Data Visualization

Selecting the right data visualization is a fundamental aspect of effective data communication. Here are some principle steps in the decision-making process:

1. Know the Data: The first step is to thoroughly understand the data you are working with. Determine if the data are quantitative or qualitative; categorical, ordinal or ratio; or continuous or discrete, all of these factors influence chart-type selection.

2. Define the Objective:  Think about what you want to convey with your visualization. Do you want to compare values, show a distribution, examine relationships between variables, demonstrate trends over time, or present a part-to-whole relationship?

3. Consider the Venue: Anticipate who will be looking at your visualization. What is their level of expertise? What do they care or know about? 

4. Choose an Appropriate Chart Type: Depending on the nature of your data and your objectives, certain types of charts may be more suitable than others. Bar charts and column charts are good for comparing discrete quantities, while line charts are useful for showing trends over time. Scatter-plots can display relationships between variables. Pie charts illustrate part-to-whole relationships, and box plots are very useful for depicting statistical distributions.

5. Guiding Principles: Once you have chosen a chart type, you can begin to design your visualization. Simplicity is best when designing a chart. Using colors, labels, and titles effectively helps to guide the viewer's attention and enhance understanding. 

6. Get Feedback Show your visualization to others, especially people who represent your target audience, and gather feedback, and refine your visualization as needed based on the feedback.

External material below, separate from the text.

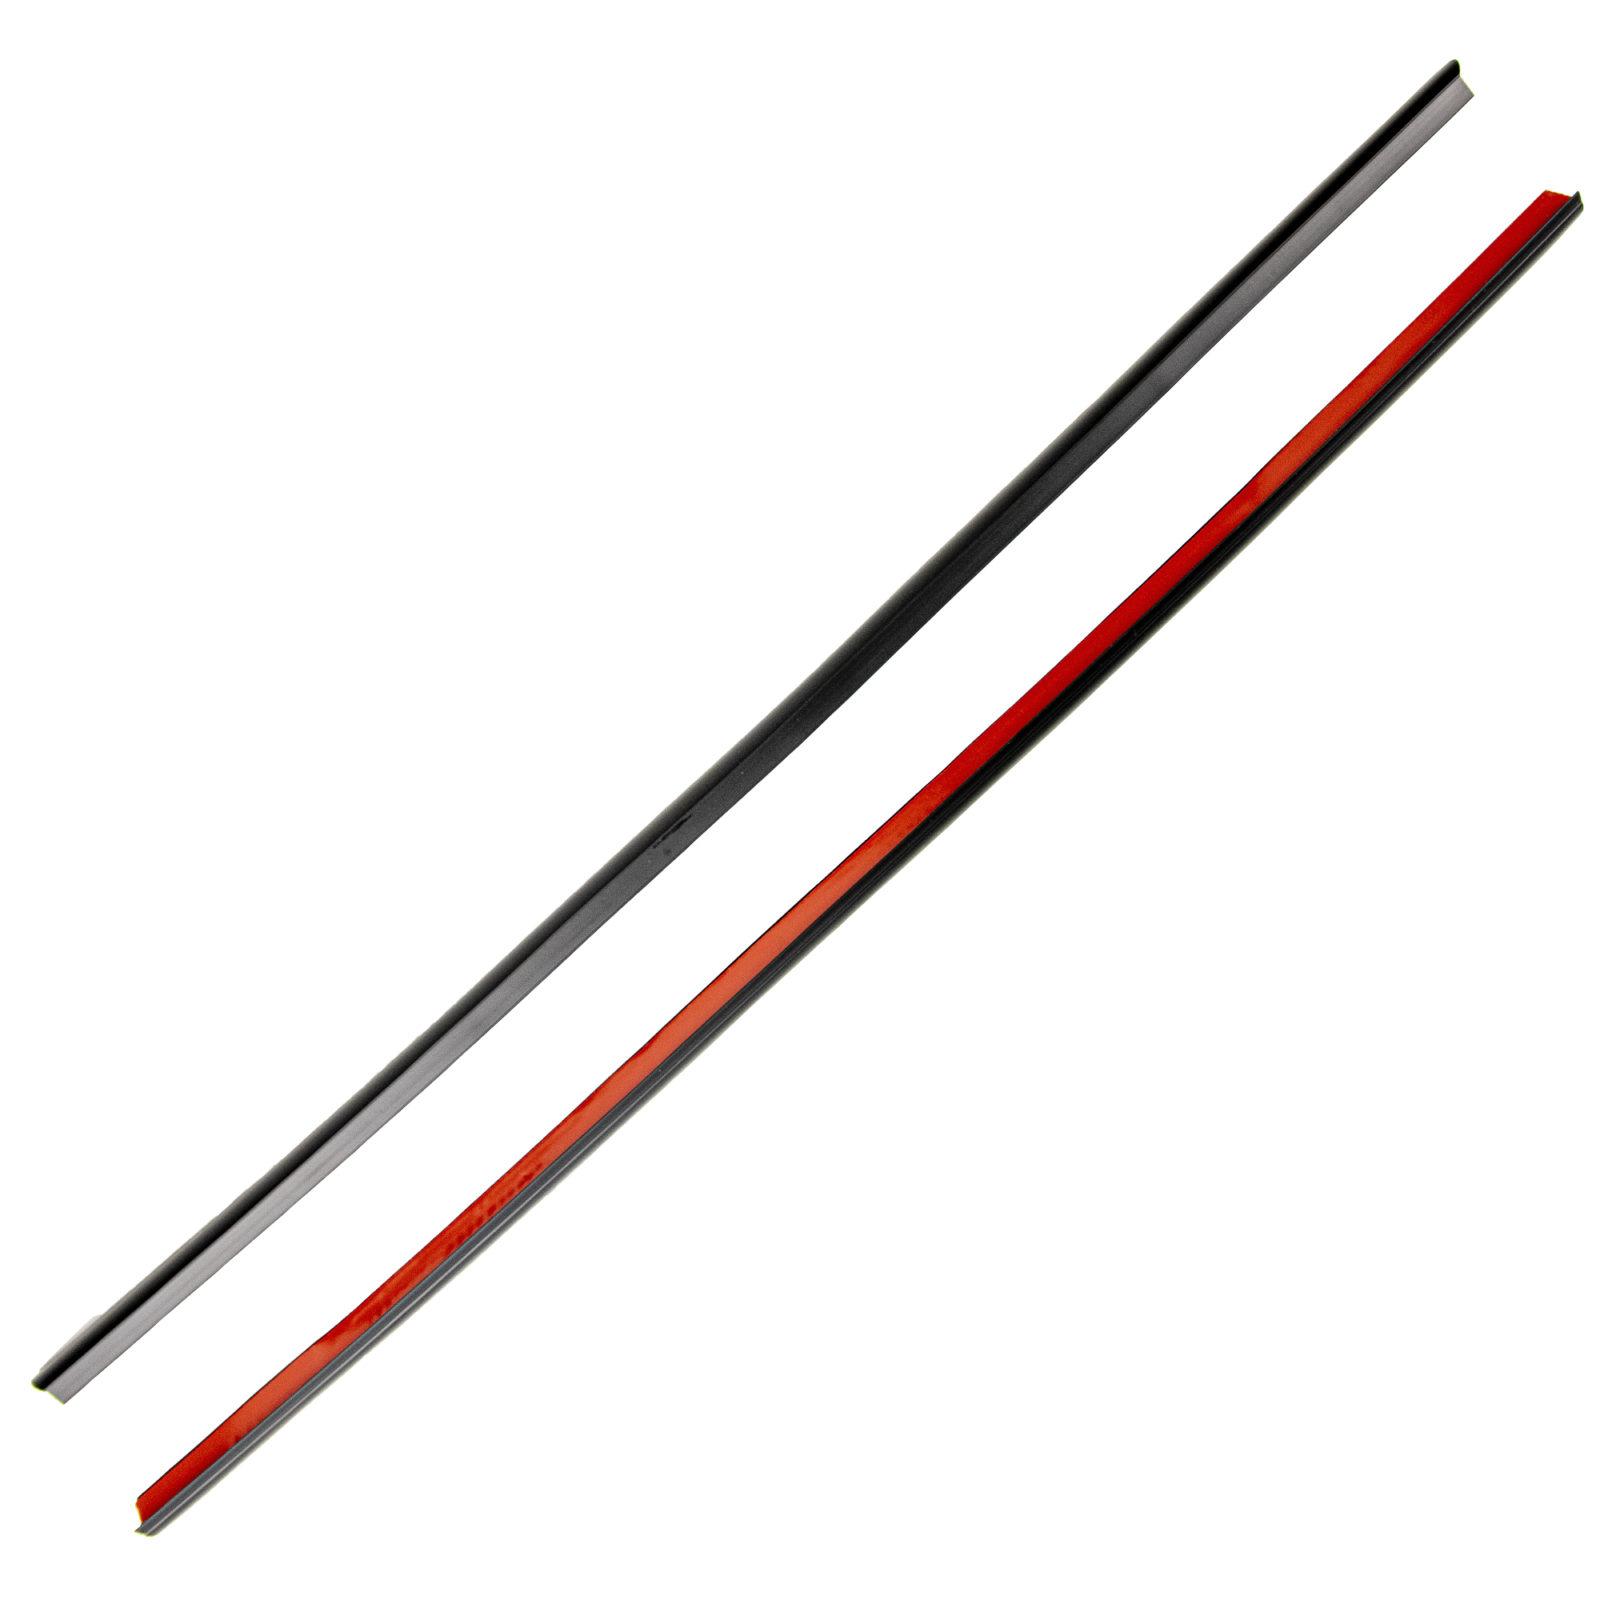 Водосток (дефлектор лобового стекла) ArtForm для LADA Granta; RENAULT Logan, Duster (68 см.)

Data can be divided into two broad categories: Quantitative, i.e. numbers that represent measurement; and Qualitative, non-numeric descriptors or codes like text, labels, and numeric codes.  In most venues of statistics numerical data is expanded to include numeric, ratio and interval.  Advances in computer science have expanded the range of data types to include text, and multi-media like image, video, and audio data.  Please see below for more details about data types.  

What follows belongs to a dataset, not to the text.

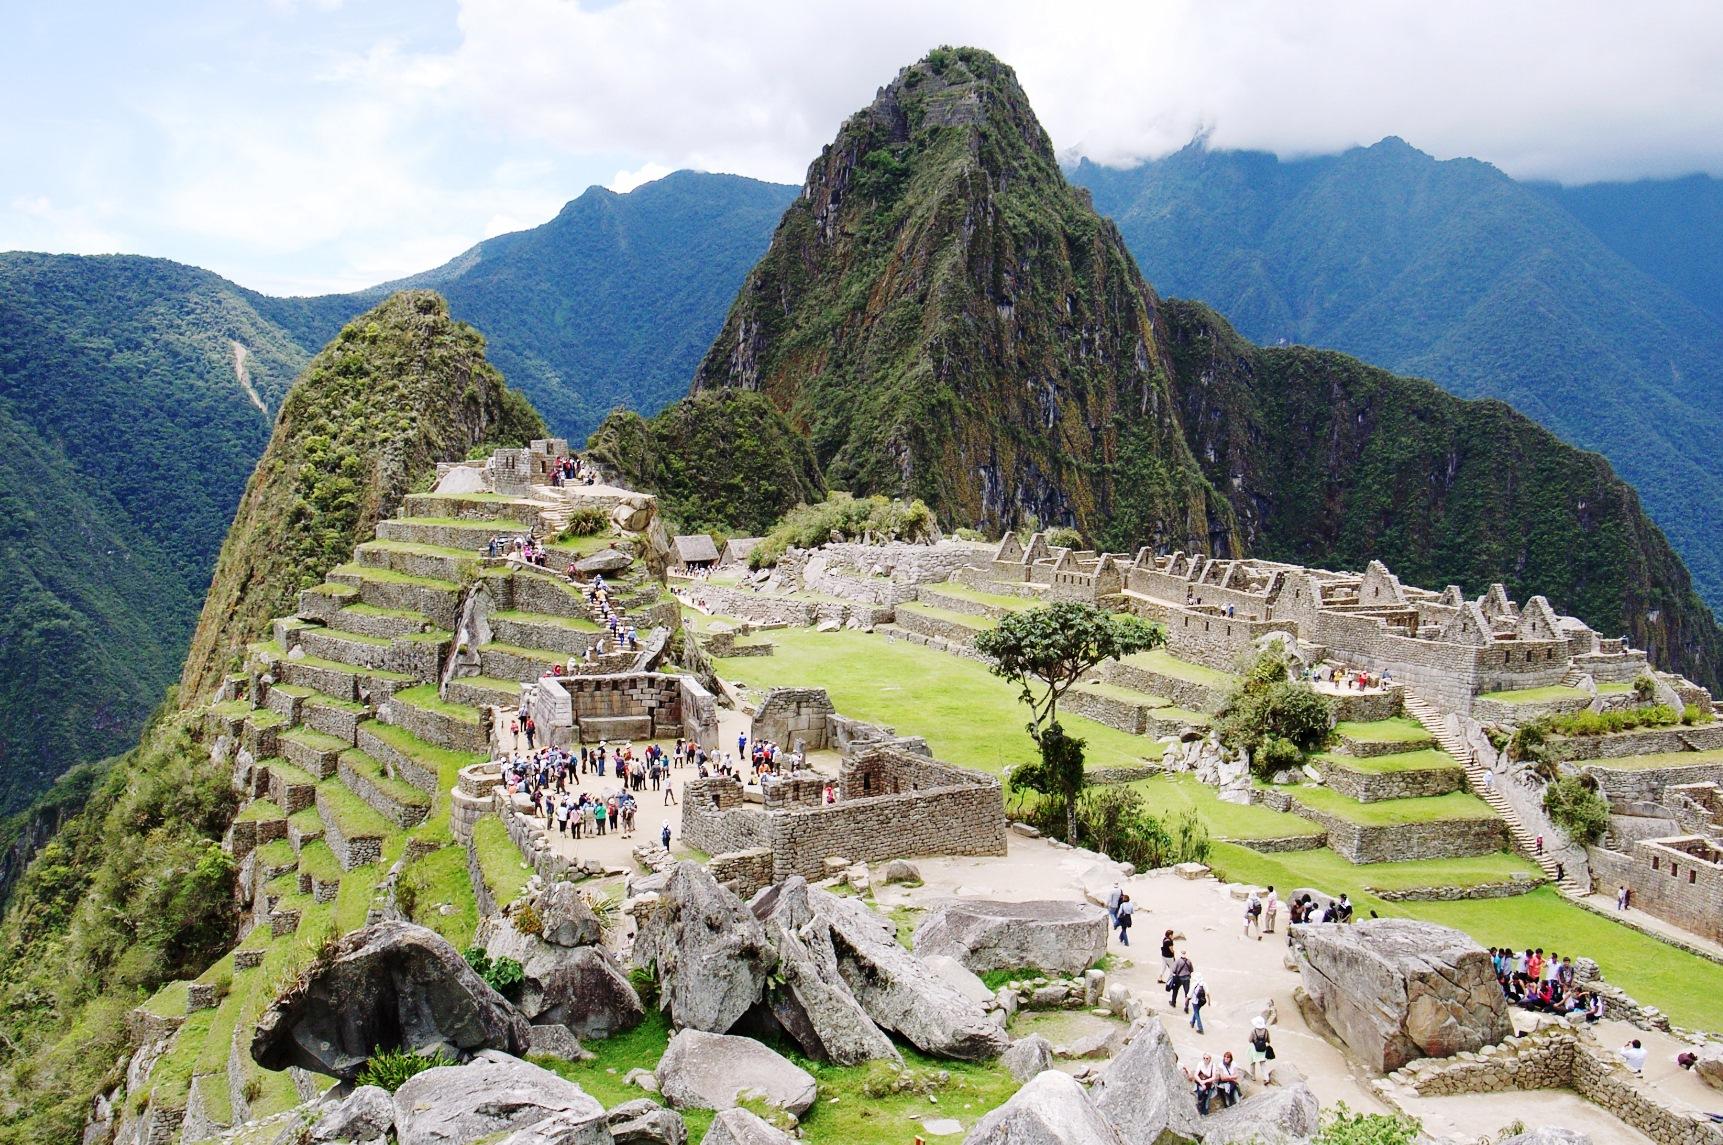 インカ時代そのままの姿が残るマチュピチュ遺跡

Numerical Data: Quantitative, meaning they represent a measurable quantity. Numerical data are either:

• Discrete Data: are whole numbers that represent countable items. Examples include number of students in a class, or number of books on a shelf.  It is impossible to half half of a student or half of a book in any meaningful sense
• Continuous Data: can take any value within a range and can be divided meaningfully into smaller increments like. fractions or decimals. Examples: temperature, height, weight, time.  

Interval Data: This is a numerical type of data in which the difference between two values is meaningful. However, there's no absolute zero point (a point that represents a lack of the quantity being measured). Examples include temperature, where the difference between 30 and 40 is the same as between 20 and 30, but there is not an absolute zero point that indicates no temperature.

Ratio Data: This type of data is similar to interval data, but it has an absolute zero point. Examples: height, weight, age, distance. Here, zero means the absence of the variable being measured.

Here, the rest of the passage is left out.